Now that we’ve covered the 7 basic rules to graph design, it’s time to go deeper, starting with the first: check the data.
I have to admit. Data checking is definitely my least favorite part of graph-making. I mean, when someone, a group, or a service provides you with a bunch of data, it should be up to them to make sure all of their data is legit, goshdarnit. But this is what good graph-makers do. After all, reliable builders don’t use shoddy cement for a house’s foundation. You don’t use shoddy data to build your data graphic.
Data-checking and verification is one of the most important—if not the most important—part of graph design.
What to look for
Basically, what you’re looking for is stuff that makes no sense. Maybe there was an error at data entry and someone added an extra zero (or missed one). Maybe there were connectivity issues during a data scrape, and some bits got mucked up in random spots. Whatever it is, you’ll want to verify with the source if anything looks funky.
The person who supplied the data usually has a sense of what to expect. If you were the one who collected the data, then just ask yourself if it makes sense. That state is 90% of whatever and all other states are only in the 10% to 20% range. What’s going on there?
Oftentimes, an anomaly is simply a typo, and other times it’s actually an interesting point in your dataset and that forms the whole drive for your story. Just make sure you know which one it is.

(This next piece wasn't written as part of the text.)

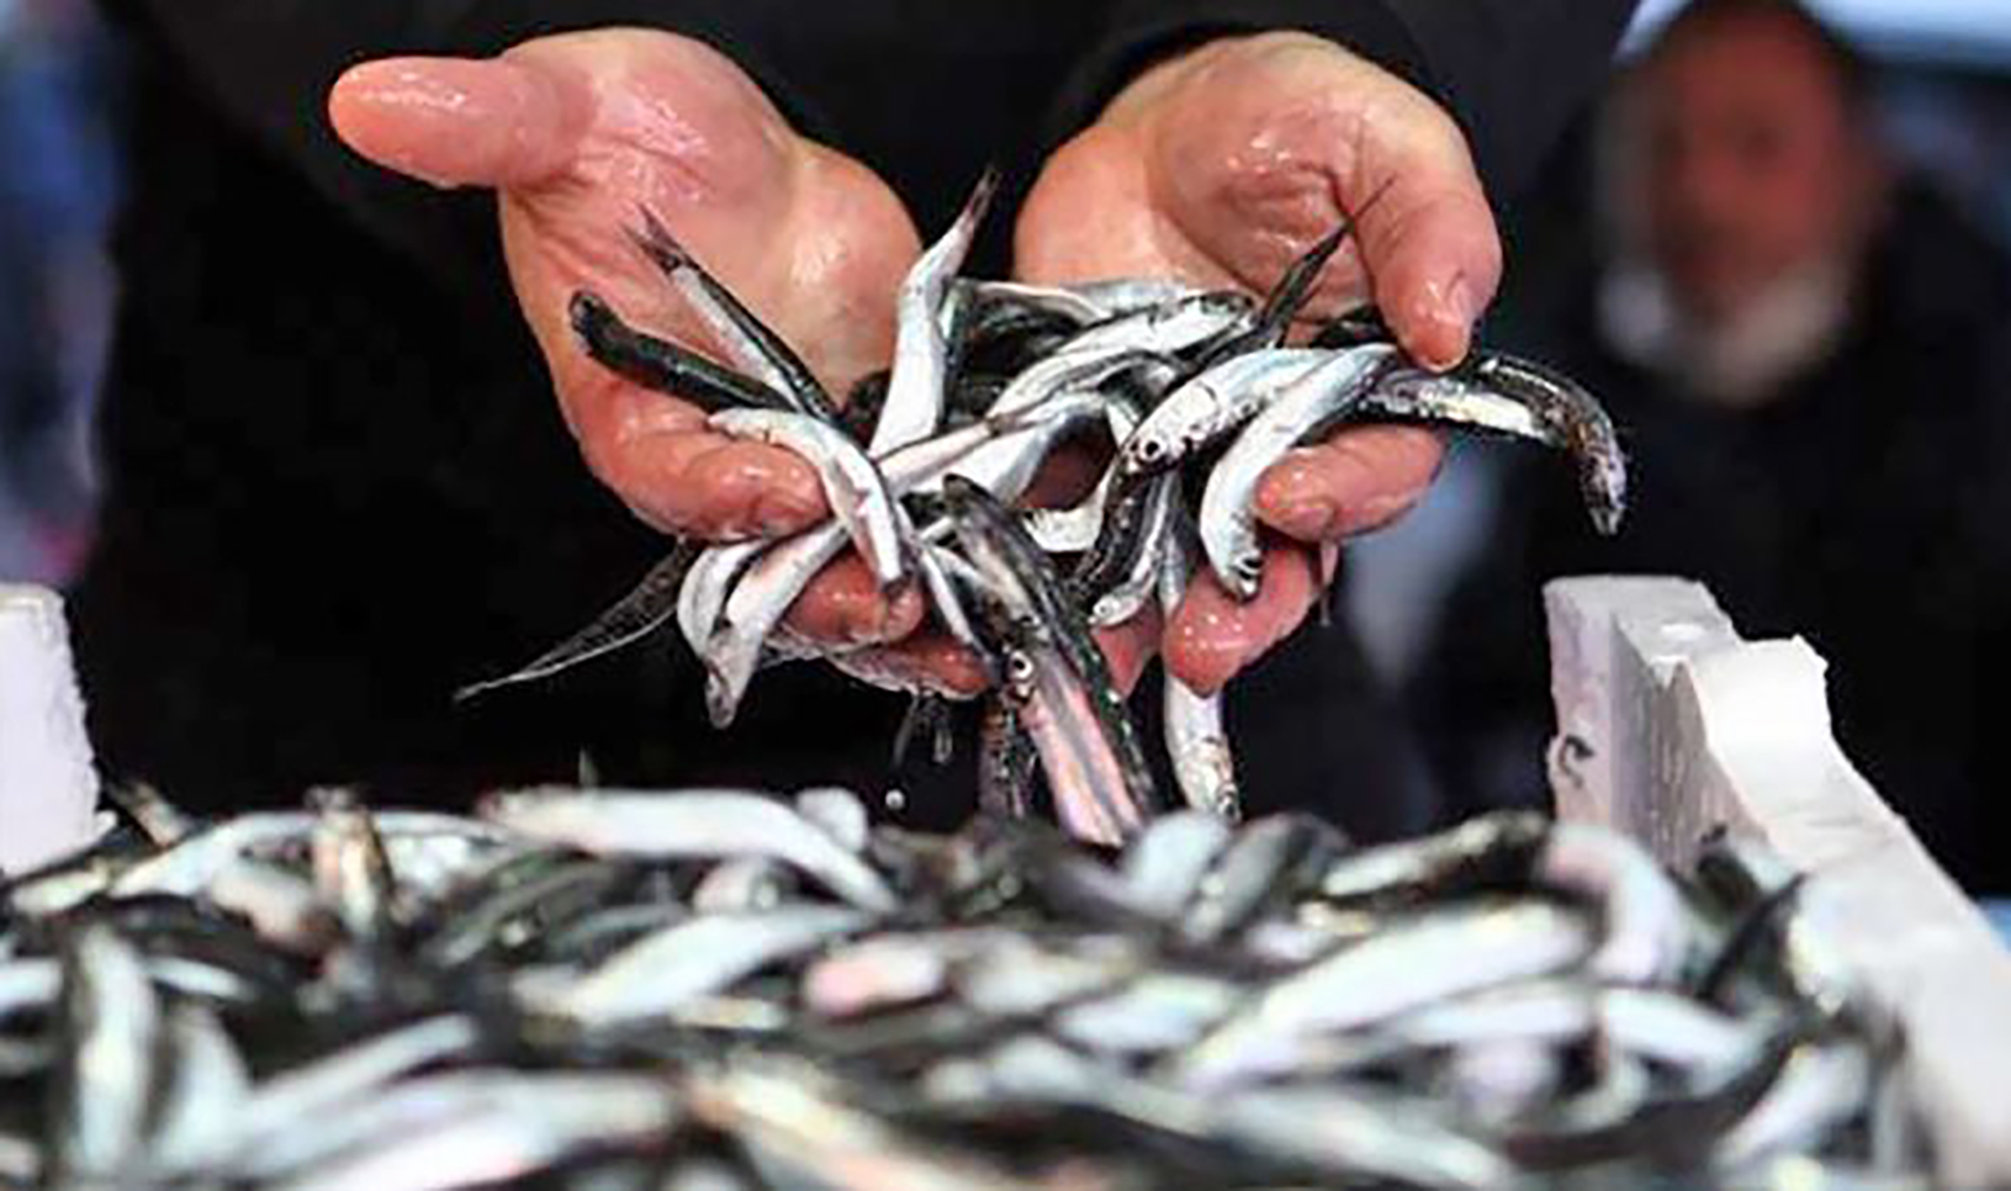 Denizlerde av sezonu 1 Eylül’de başlıyor! Balıkçılar yeni sezona hazırlanıyor: Hamside bolluk bekleniyor

When you only have a few data points, you can probably just eyeball it. Otherwise, simple graphs in something like Excel or R will do the trick. Usually it’ll be best to make the bare minimum of what you want your final result to be. It doesn’t matter if they don’t look sexy. They’re just for fact-checking.
If you’re using R or some other stat software, you can look at the summary numbers (like mean, median, and your quartiles) pretty easily. In R, you use the
summary() command. Imagine that.
Everything check out? Great, your base is strong, and you can be confident in your final result.

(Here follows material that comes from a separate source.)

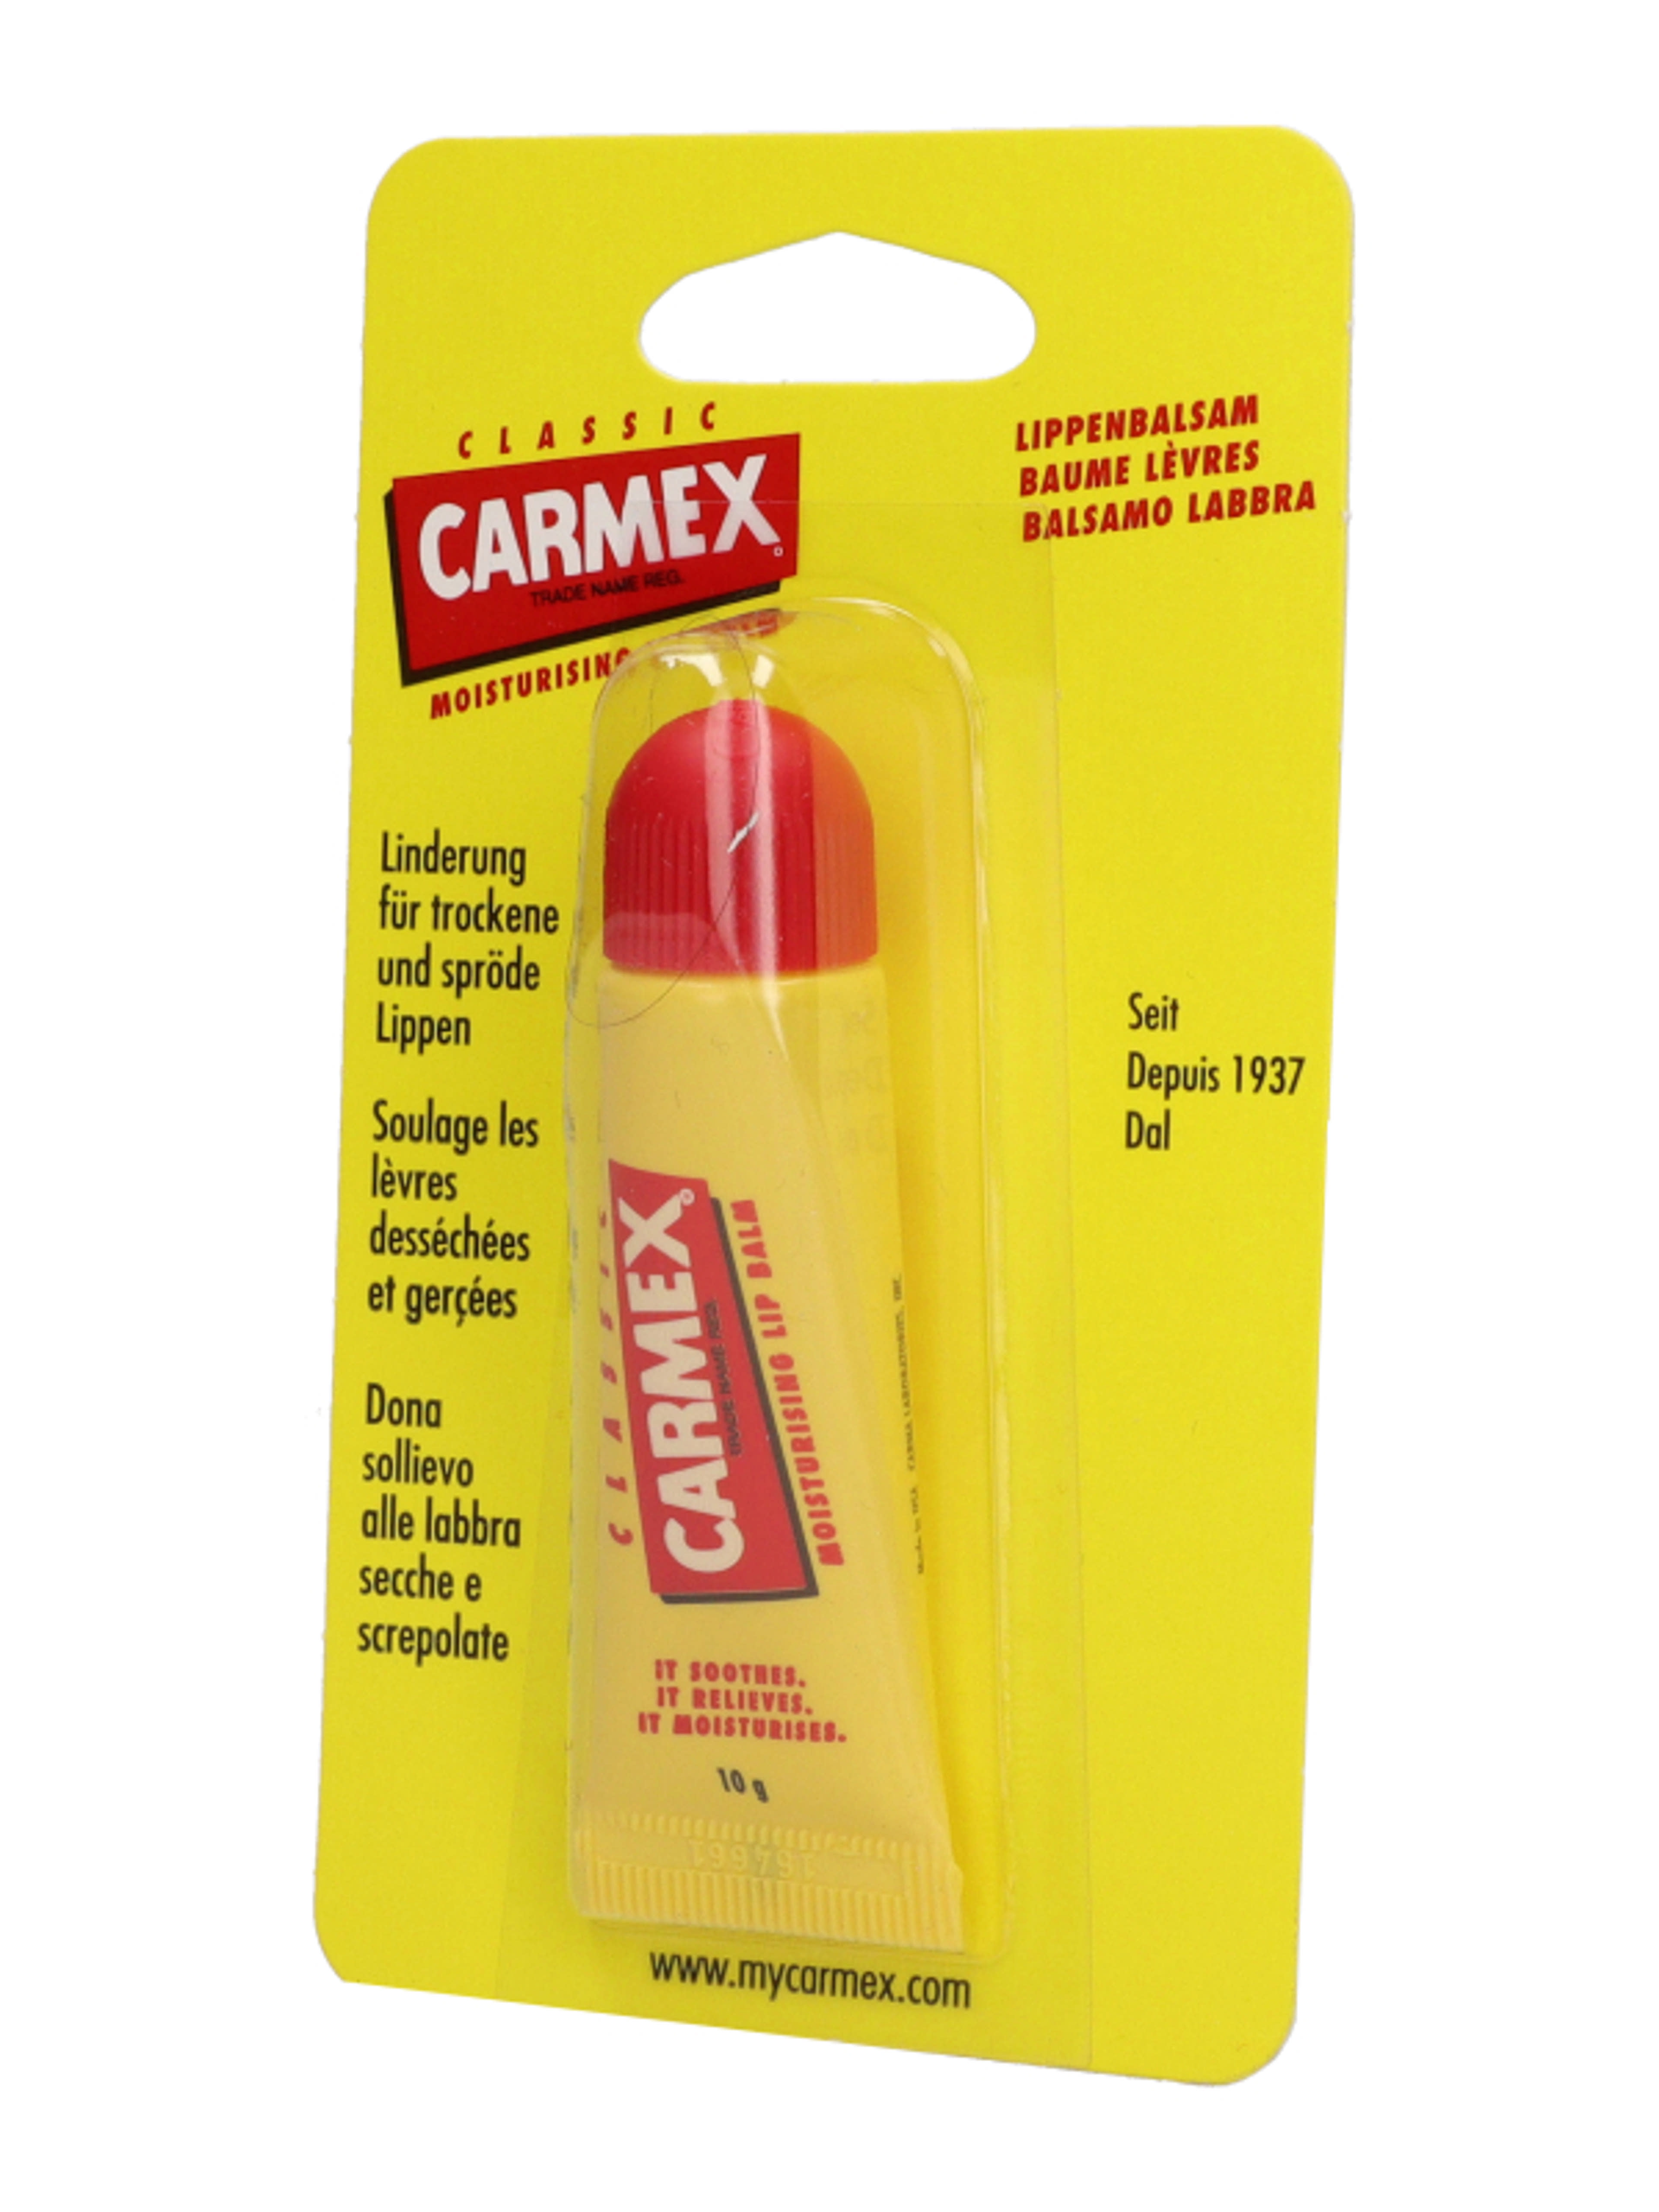 Carmex tubusos ajakápoló - 10 g-3

Stay tuned for rule #2: explain your encodings.
Also, remember not to stop checking the data as you go through the rest of the graph design process. At the very least, after you are finished, compare the results you show on your graph with the original data set. There are plenty of opportunities to screw up the data during manipulation and transfer and you can’t always blame the source.
Pingback: Daily Links for August 16th through August 17th | Akkam's Razor
Oh the fun that can be found in the outliers. As a marketing guy and data geek I have found many interesting stories in the customers and prospects that fall in the outlier category. Some are indeed typos, but others are legit and have provided some fascinating ideas for new products and marketing strategy.